++++ RECORDS TO USE ++++
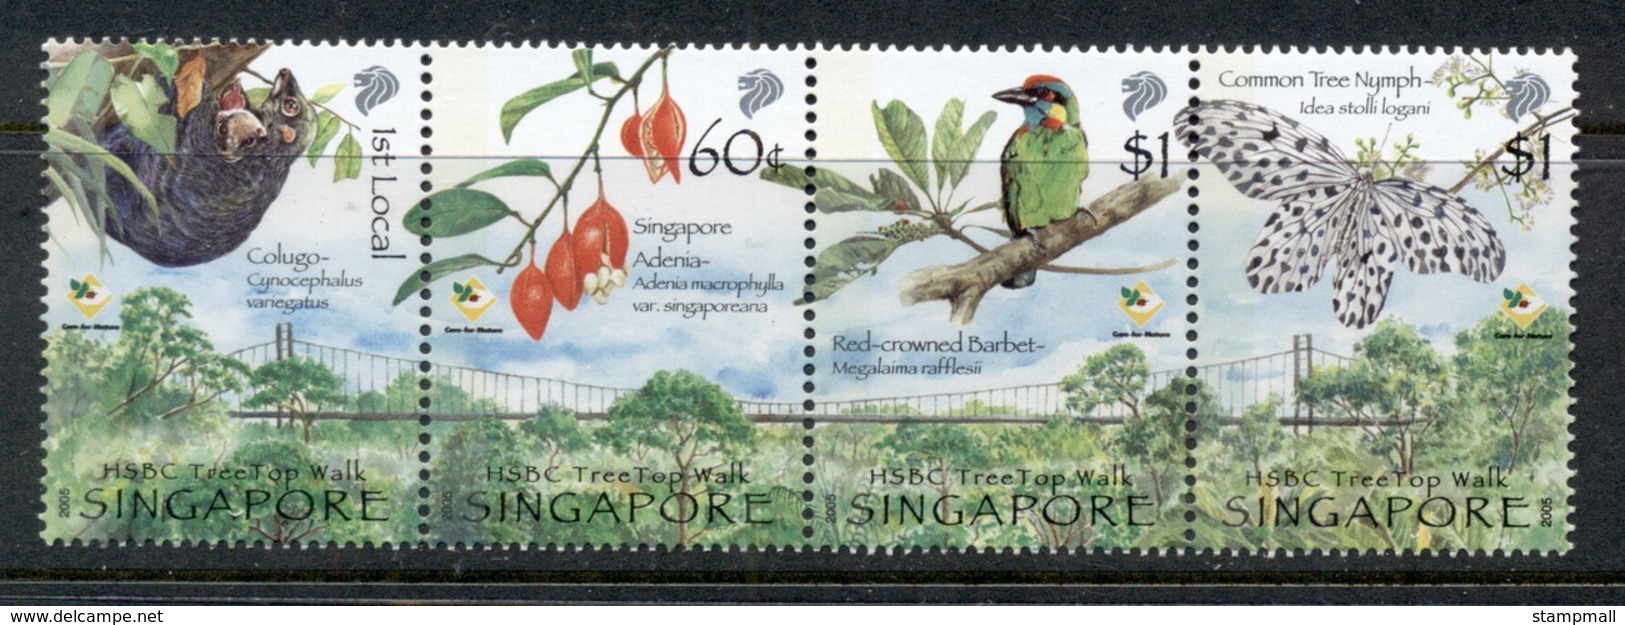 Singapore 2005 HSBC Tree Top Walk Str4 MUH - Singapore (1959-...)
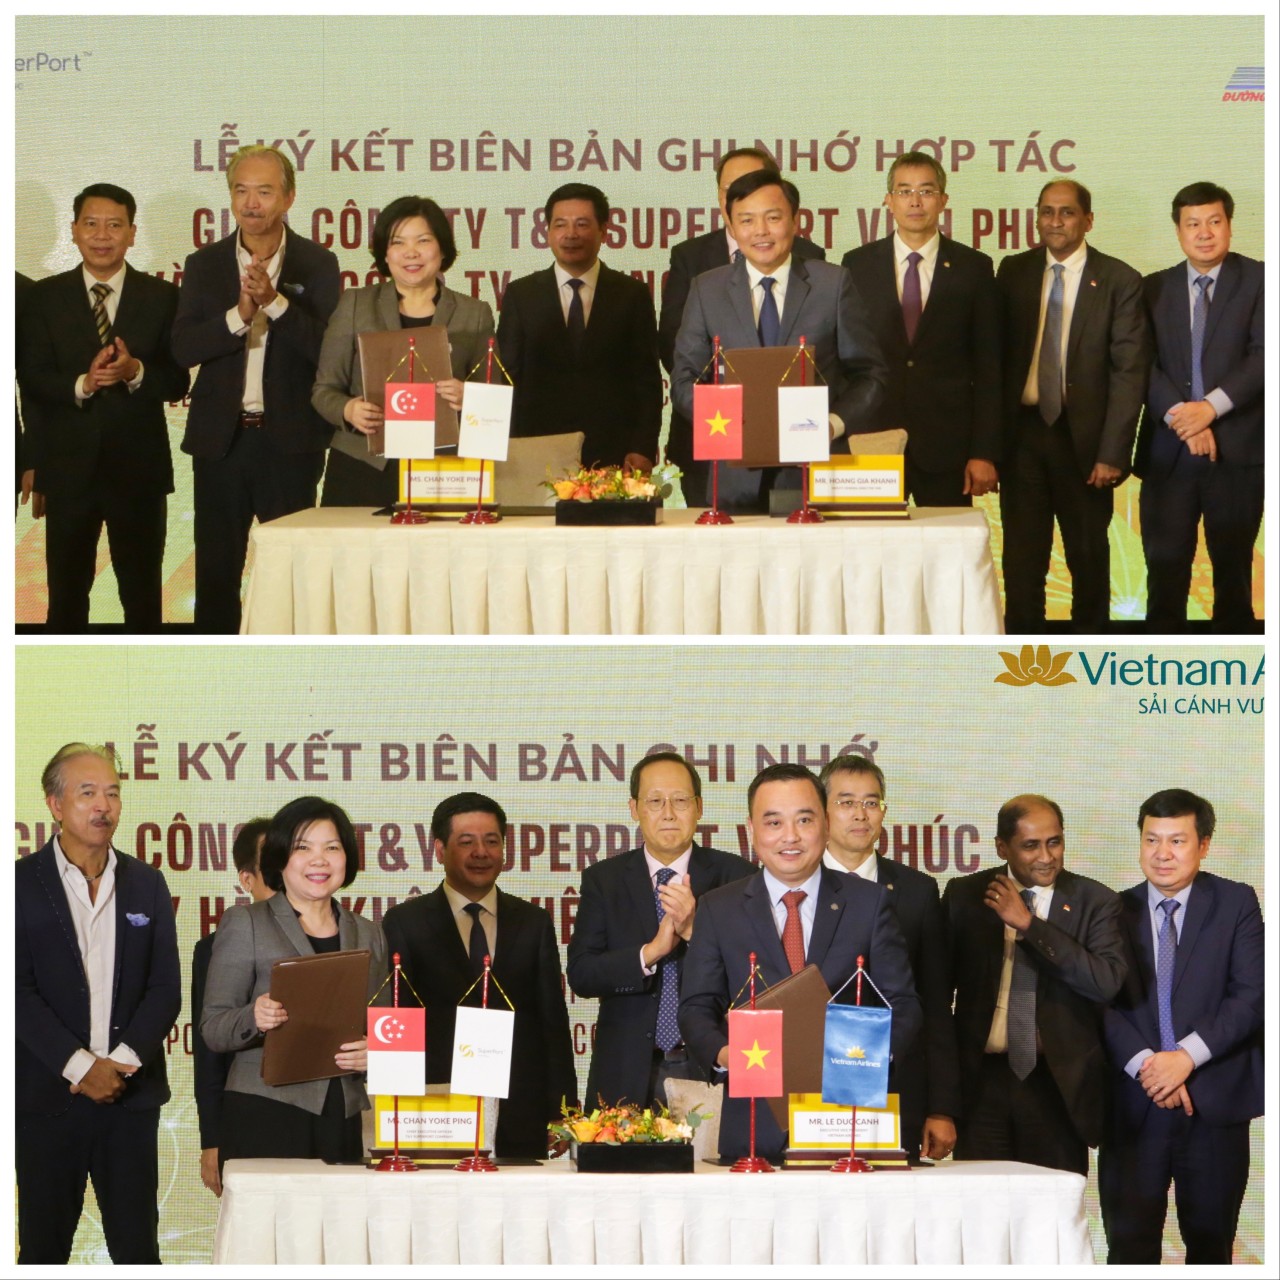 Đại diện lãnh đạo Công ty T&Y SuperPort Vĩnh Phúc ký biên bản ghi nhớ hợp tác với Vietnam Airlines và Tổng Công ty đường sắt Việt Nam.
++++
++++ RECORDS TO USE ++++
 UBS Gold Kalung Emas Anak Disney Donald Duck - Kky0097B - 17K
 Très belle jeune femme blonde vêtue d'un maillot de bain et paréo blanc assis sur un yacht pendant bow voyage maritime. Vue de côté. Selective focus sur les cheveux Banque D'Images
++++
++++ RECORDS TO USE ++++
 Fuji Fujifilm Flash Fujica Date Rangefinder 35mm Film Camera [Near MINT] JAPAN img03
++++
◆ WORK INSTRUCTIONS
Using the data above, retype exactly and only the lines from the one containing "Singapore 2005 HSBC" up to and including the one containing "Đại diện lãnh", with no pictures carried over.

◆ SOLUTION TO THE PROBLEM
 Singapore 2005 HSBC Tree Top Walk Str4 MUH - Singapore (1959-...)
 Đại diện lãnh đạo Công ty T&Y SuperPort Vĩnh Phúc ký biên bản ghi nhớ hợp tác với Vietnam Airlines và Tổng Công ty đường sắt Việt Nam.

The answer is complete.